> _TASK DIRECTIONS_: The answer must be the full listing, word for word, with no pictures in it.

> _INFORMATION SHOWN_:
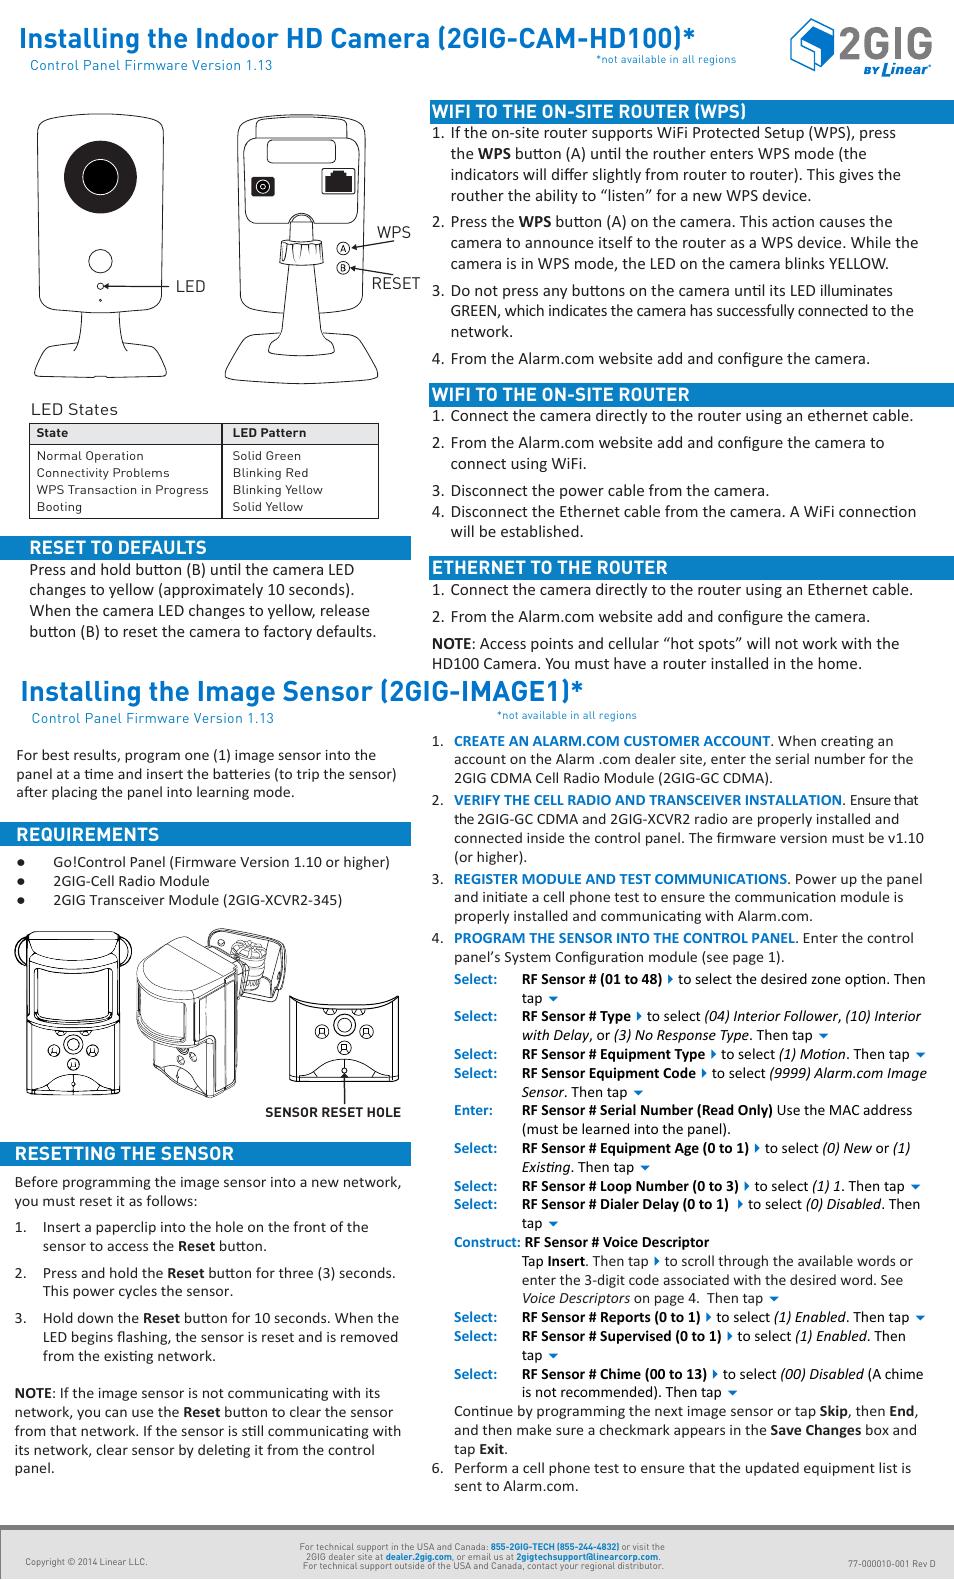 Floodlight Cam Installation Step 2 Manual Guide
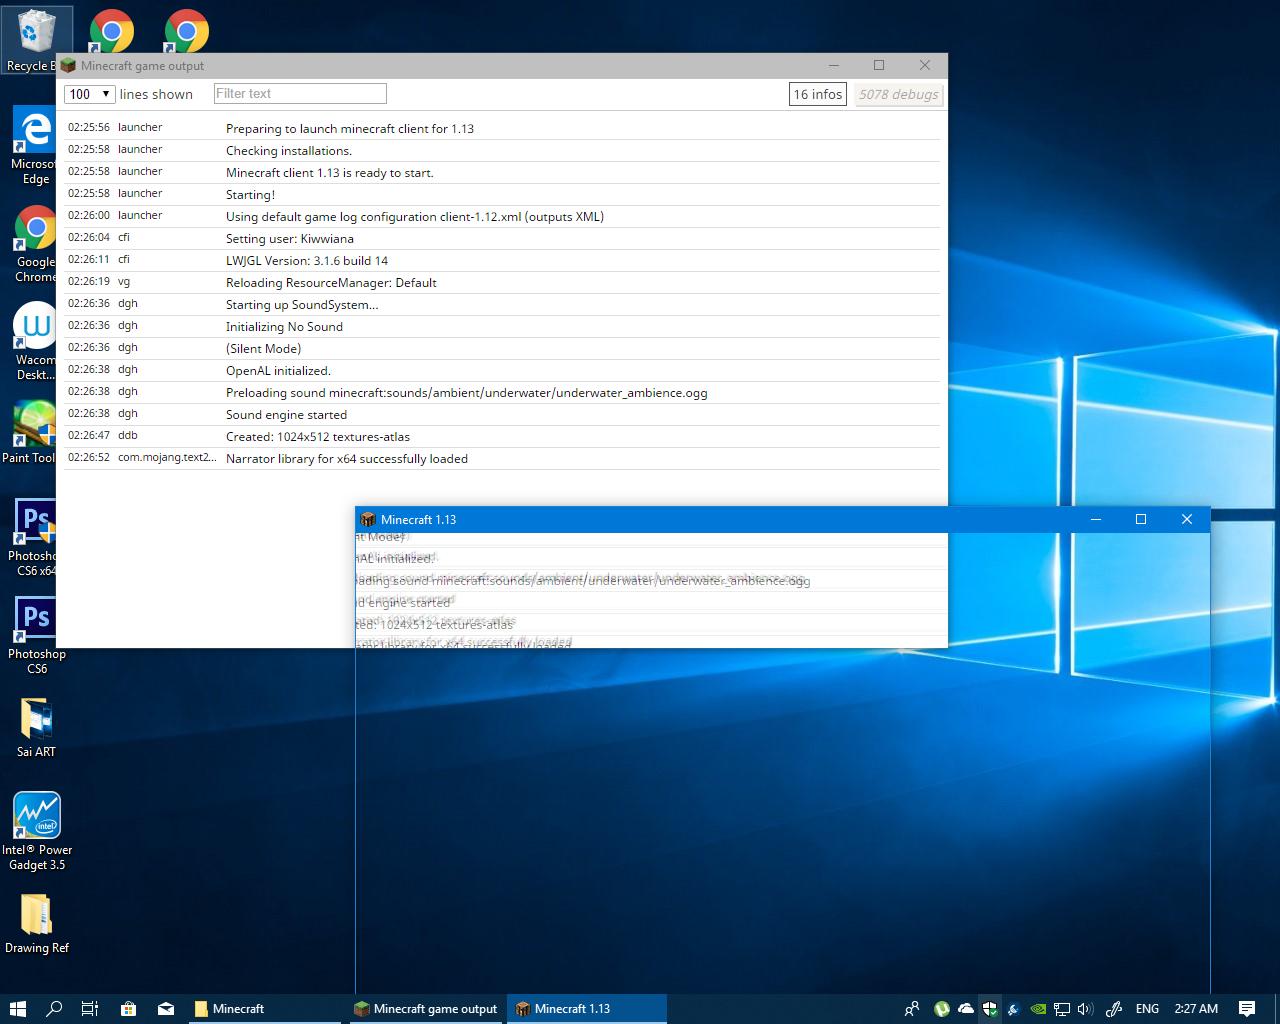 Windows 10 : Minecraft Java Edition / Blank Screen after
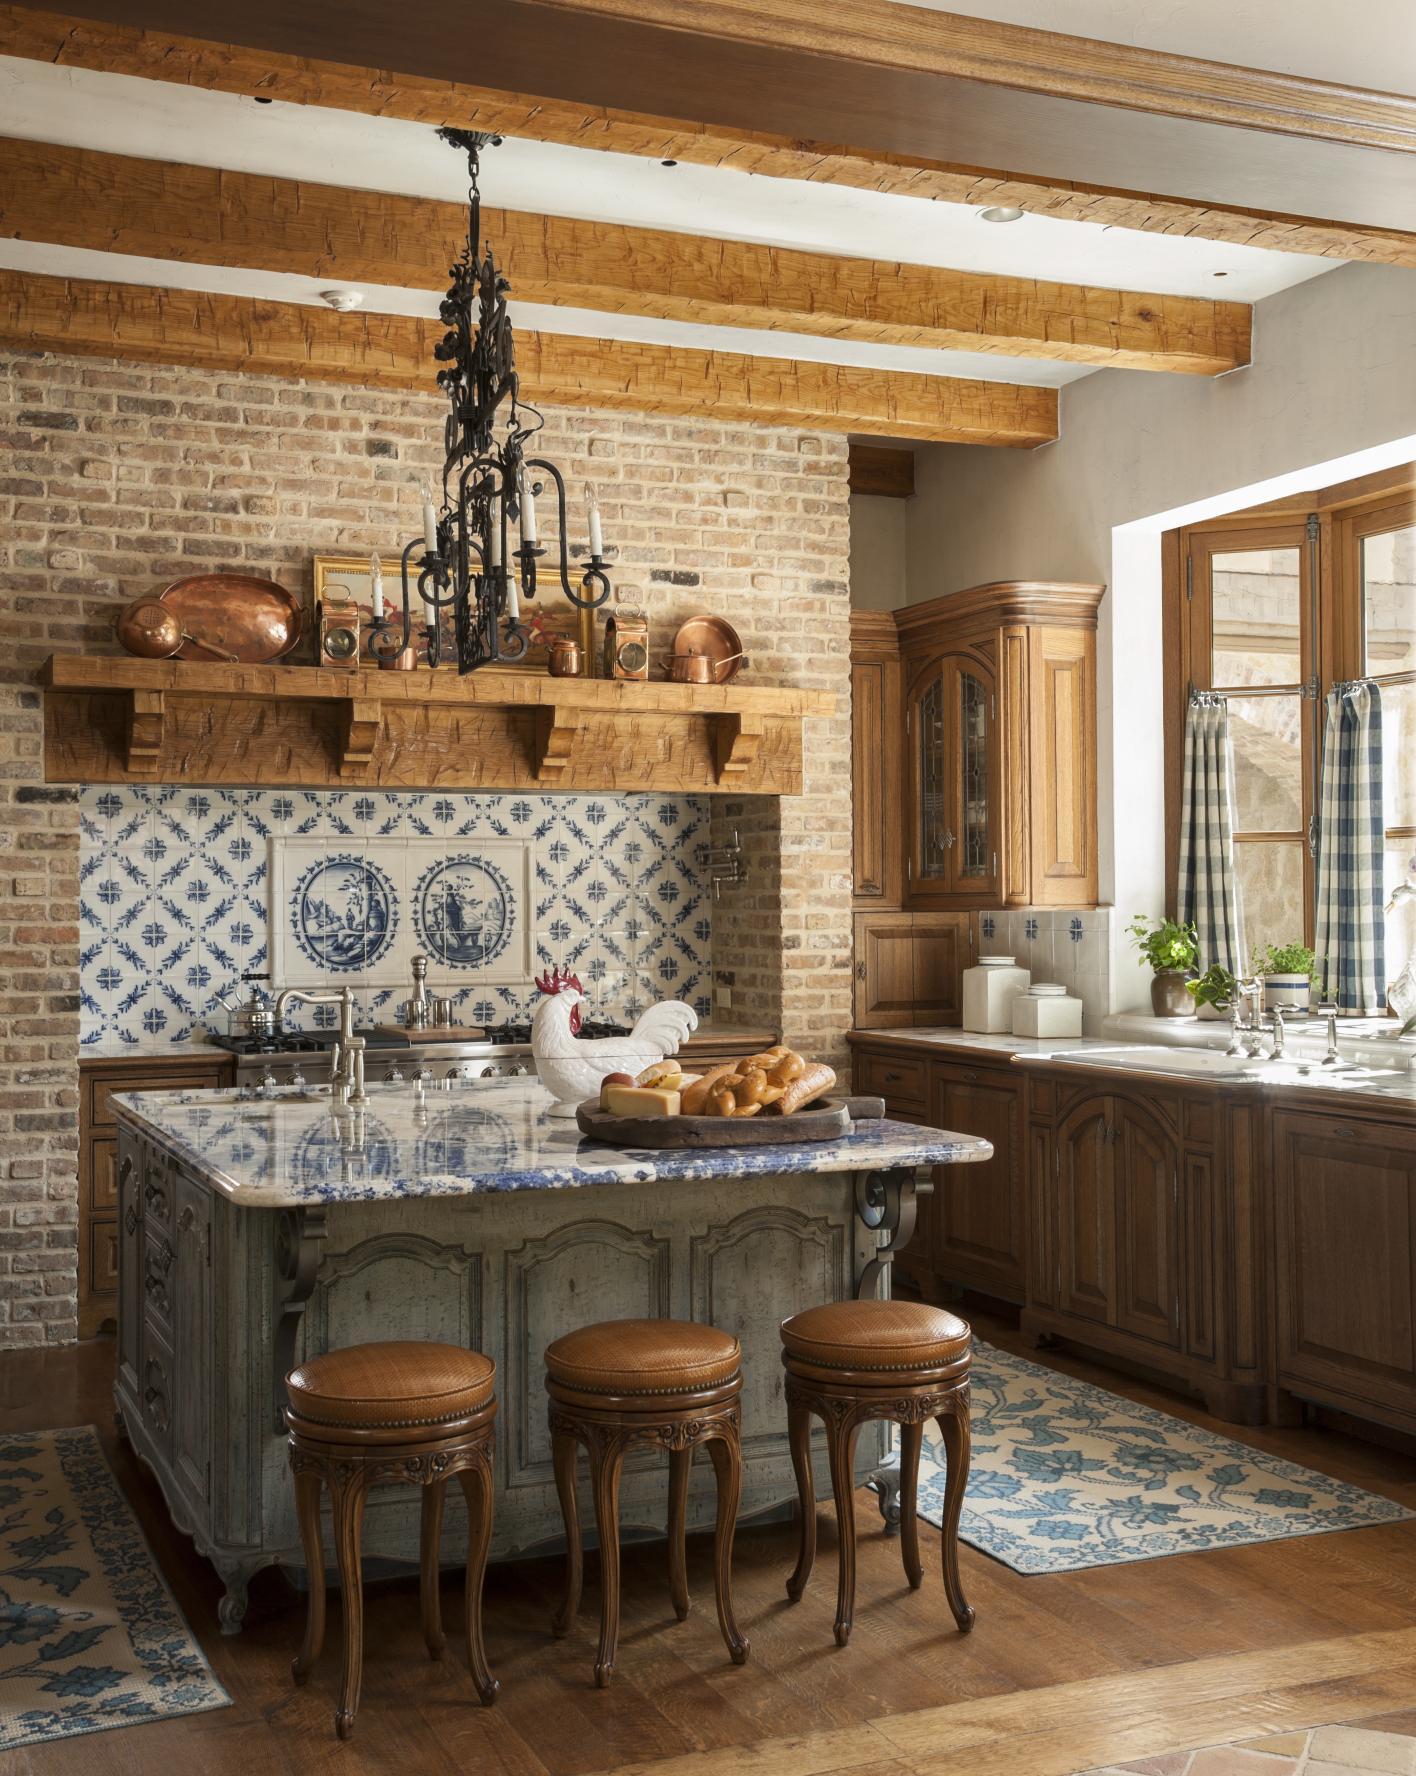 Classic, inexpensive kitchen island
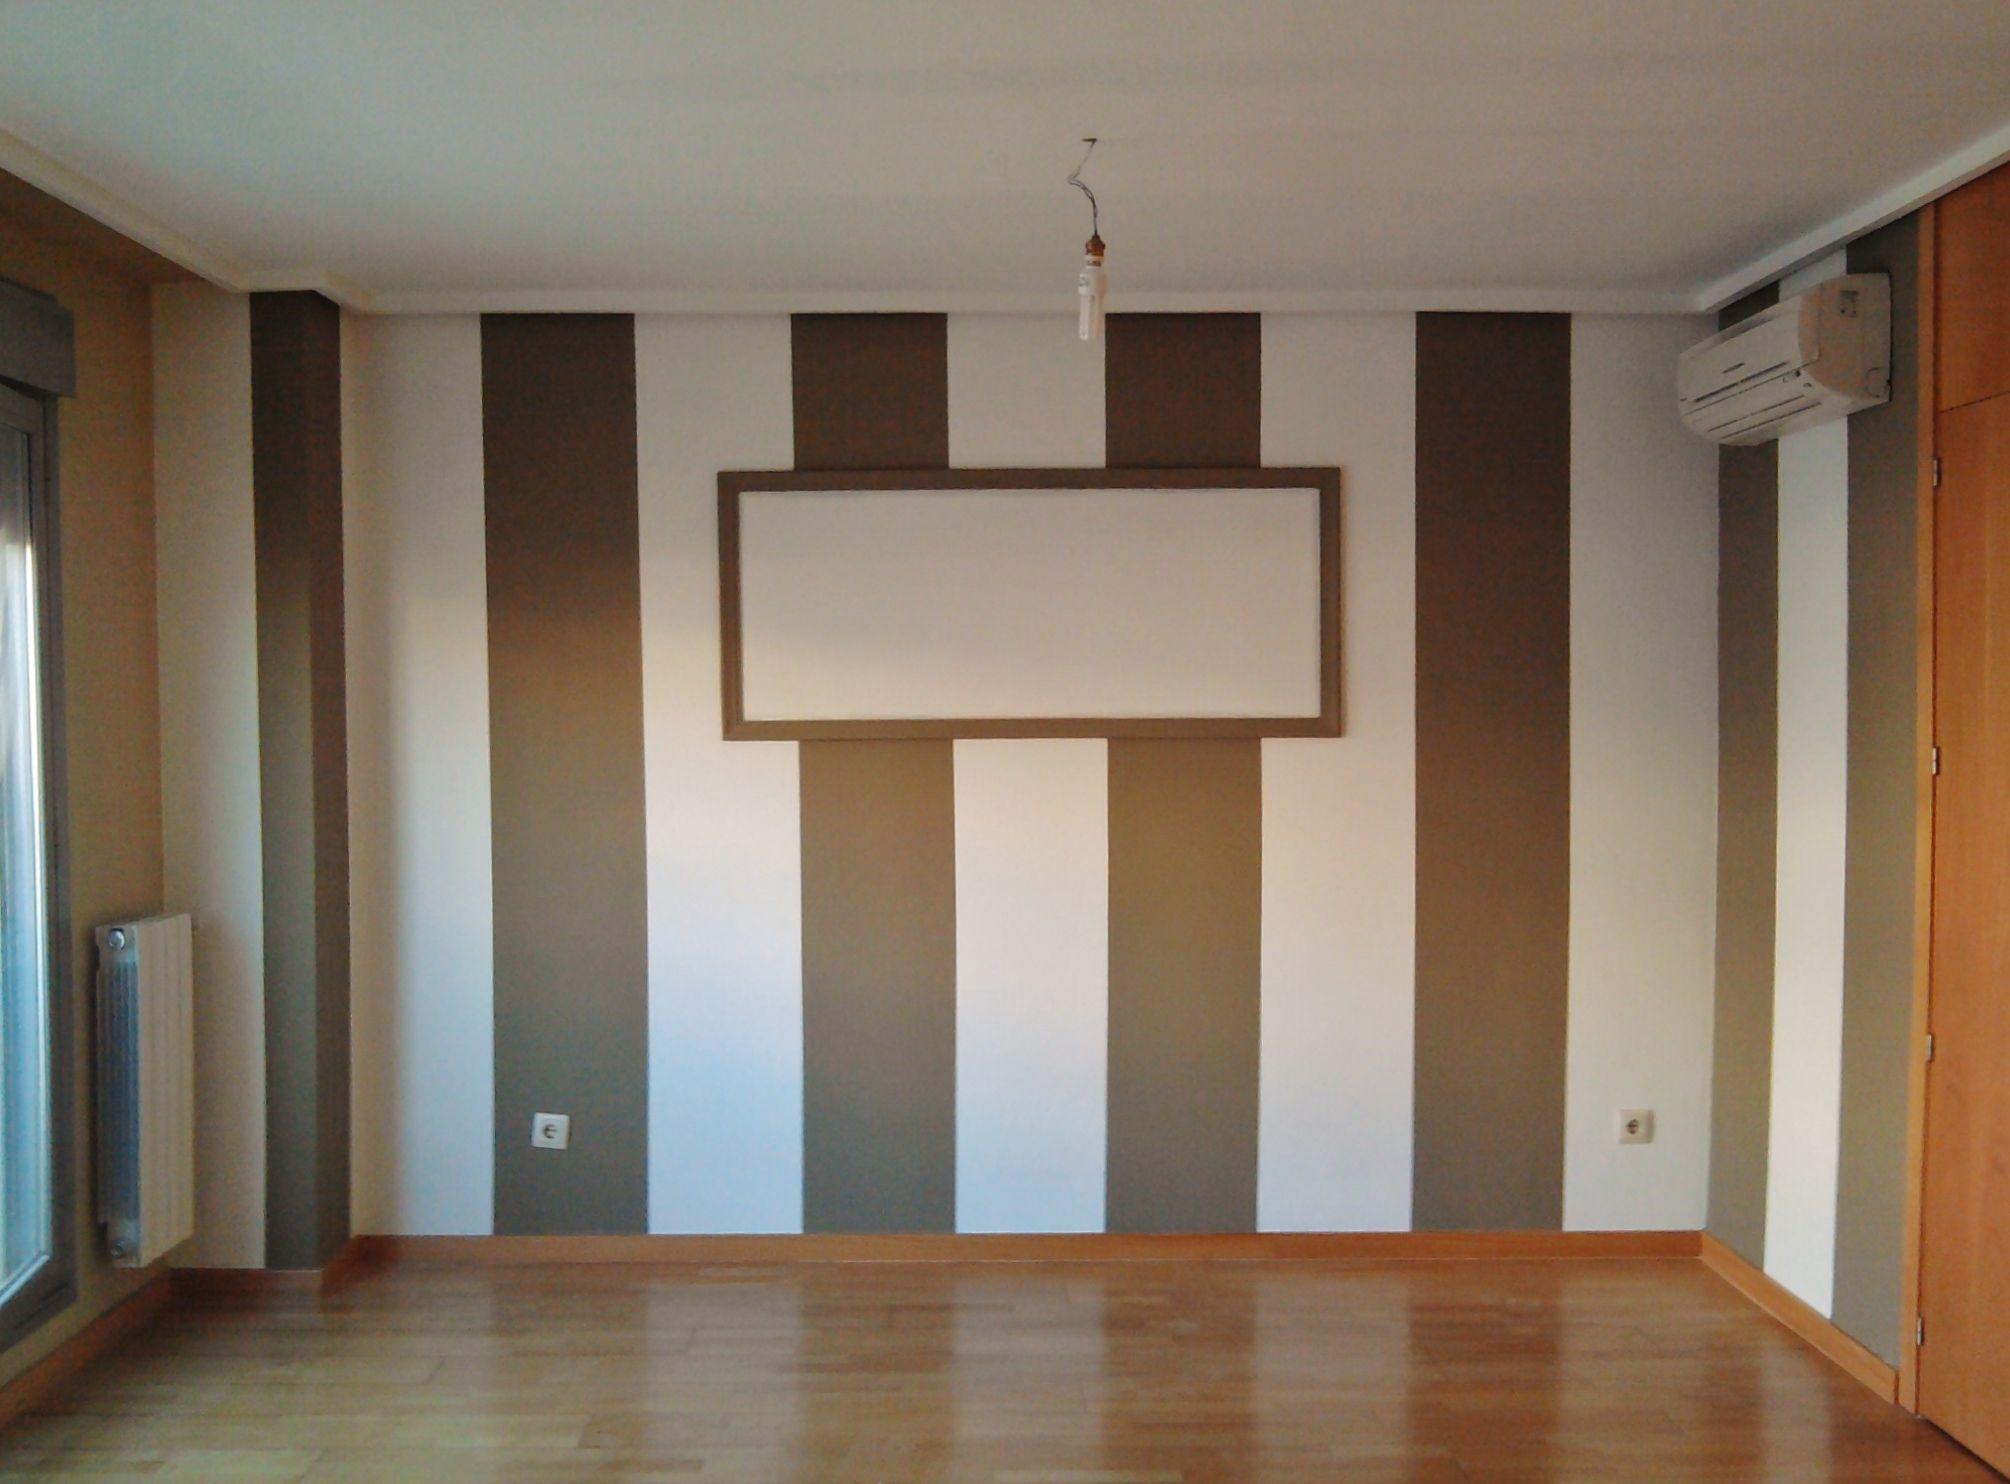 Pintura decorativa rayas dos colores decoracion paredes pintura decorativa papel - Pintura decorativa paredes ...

> _THE COMPLETED TASK_:
 Floodlight Cam Installation Step 2 Manual Guide
 Windows 10 : Minecraft Java Edition / Blank Screen after
 Classic, inexpensive kitchen island
 Pintura decorativa rayas dos colores decoracion paredes pintura decorativa papel - Pintura decorativa paredes ...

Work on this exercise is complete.